Por Daniel Goleman
El diseño biológico que rige nuestro espectro emocional no lleva cinco ni cincuenta generaciones evolucionando; se trata de un sistema que está presente en nosotros desde hace más de cincuenta mil generaciones y que ha contribuido, con demostrado éxito, a nuestra supervivencia como especie. Por ello, no hay que sorprenderse si en muchas ocasiones, frente a los complejos retos que nos presenta el mundo contemporáneo, respondamos instintivamente con recursos emocionales adaptados a las necesidades del Pleistoceno.
En esencia, toda emoción
constituye un impulso que nos moviliza a la acción. La propia raíz etimológica
de la palabra da cuenta de ello, pues el latín movere significa
moverse y el prefijo edenota un objetivo. La emoción, entonces, desde el
plano semántico, significa “movimiento hacia”, y basta con observar a los
animales o a los niños pequeños para encontrar la forma en que las emociones
los dirigen hacia una acción determinada, que puede ser huir, chillar o
recogerse sobre sí mismos. Cada uno de nosotros viene equipado con unos
programas de reacción automática o una serie de predisposiciones biológicas a
la acción. Sin embargo, nuestras experiencias vitales y el medio en el cual nos
haya tocado vivir irán moldeando con los años ese equipaje genético para
definir nuestras respuestas y manifestaciones ante los estímulos emocionales
que encontramos.
Un par de décadas atrás,
la ciencia psicológica sabía muy poco, si es que algo sabía, sobre los
mecanismos de la emoción. Pero recientemente, y con ayuda de nuevos medios
tecnológicos, se ha ido esclareciendo por vez primera el misterioso y oscuro
panorama de aquello que sucede en nuestro organismo mientras pensamos,
sentimos, imaginamos o soñamos. Gracias al escáner cerebral se ha podido ir
desvelando el funcionamiento de nuestros cerebros y, de esta manera, la ciencia
cuenta con una poderosa herramienta para hablar de los enigmas del corazón e
intentar dar razón de los aspectos más irracionales del psiquismo.
Alrededor del tallo
encefálico, que constituye la región más primitiva de nuestro cerebro y que
regula las funciones básicas como la respiración o el metabolismo, se fue
configurando el sistema límbico, que aporta las emociones al repertorio de
respuestas cerebrales. Gracias a éste, nuestros primeros ancestros pudieron ir
ajustando sus acciones para adaptarse a las exigencias de un entorno cambiante.
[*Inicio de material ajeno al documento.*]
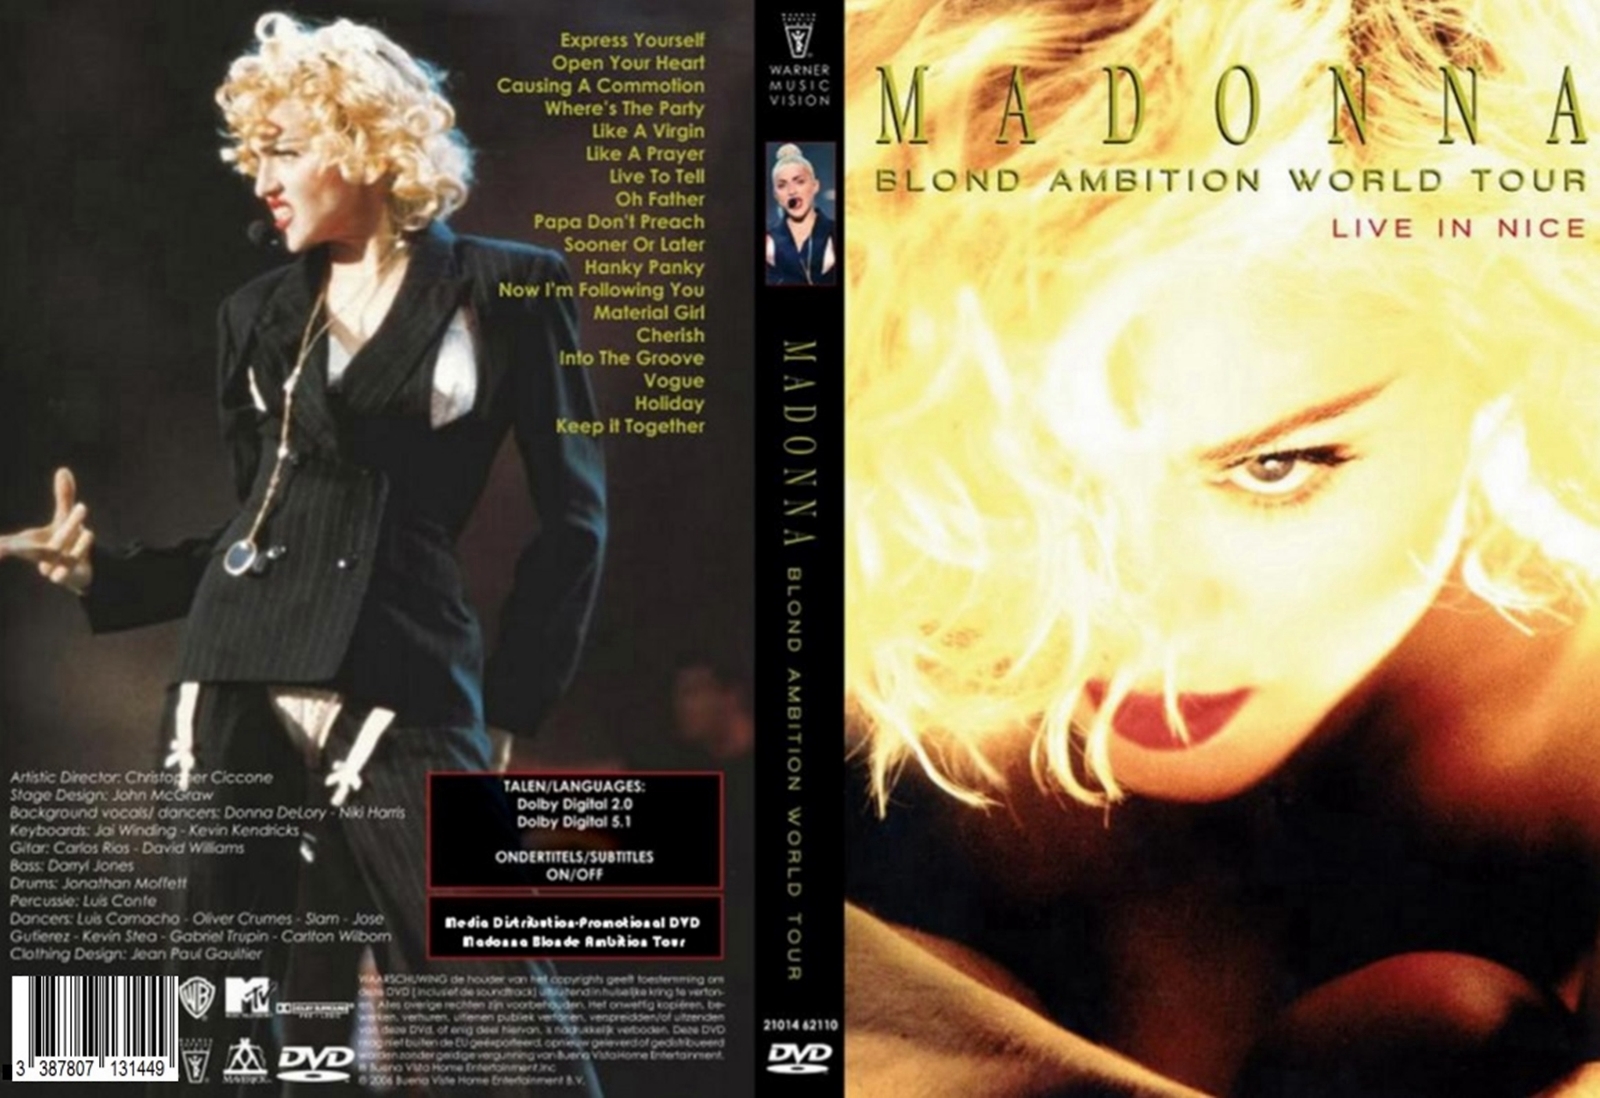 madonna blonde ambition tour dvd

Así, fueron desarrollando la capacidad de identificar los peligros, temerlos y
evitarlos. La evolución del sistema límbico estuvo, por tanto, aparejada al
desarrollo de dos potentes herramientas: la memoria y el aprendizaje.
En esta región cerebral
se ubica la amígdala, que tiene la forma de una almendra y que, de hecho,
recibe su nombre del vocablo griego que denomina a esta última. Se trata de una
estructura pequeña, aunque bastante grande en comparación con la de nuestros
parientes evolutivos, en la que se depositan nuestros recuerdos emocionales y
que, por ello mismo, nos permite otorgarle significado a la vida. Sin ella, nos
resultaría imposible reconocer las cosas que ya hemos visto y atribuirles algún
valor.
Sobre esta base cerebral en
la que se asientan las emociones, fue creándose hace unos cien millones de años
el neocórtex: la región cerebral que nos diferencia de todas las demás especies
y en la que reposa todo lo característicamente humano. El pensamiento, la
reflexión sobre los sentimientos, la comprensión de símbolos, el arte, la
cultura y la civilización encuentran su origen en este esponjoso reducto de
tejidos neuronales. Al ofrecernos la posibilidad de planificar a largo plazo y
desarrollar otras estrategias mentales afines, las complejas estructuras del
neocórtex nos permitieron sobrevivir como especie. En esencia, nuestro cerebro
pensante creció y se desarrolló a partir de la región emocional y estos dos
siguen estando estrechamente vinculados por miles de circuitos neuronales.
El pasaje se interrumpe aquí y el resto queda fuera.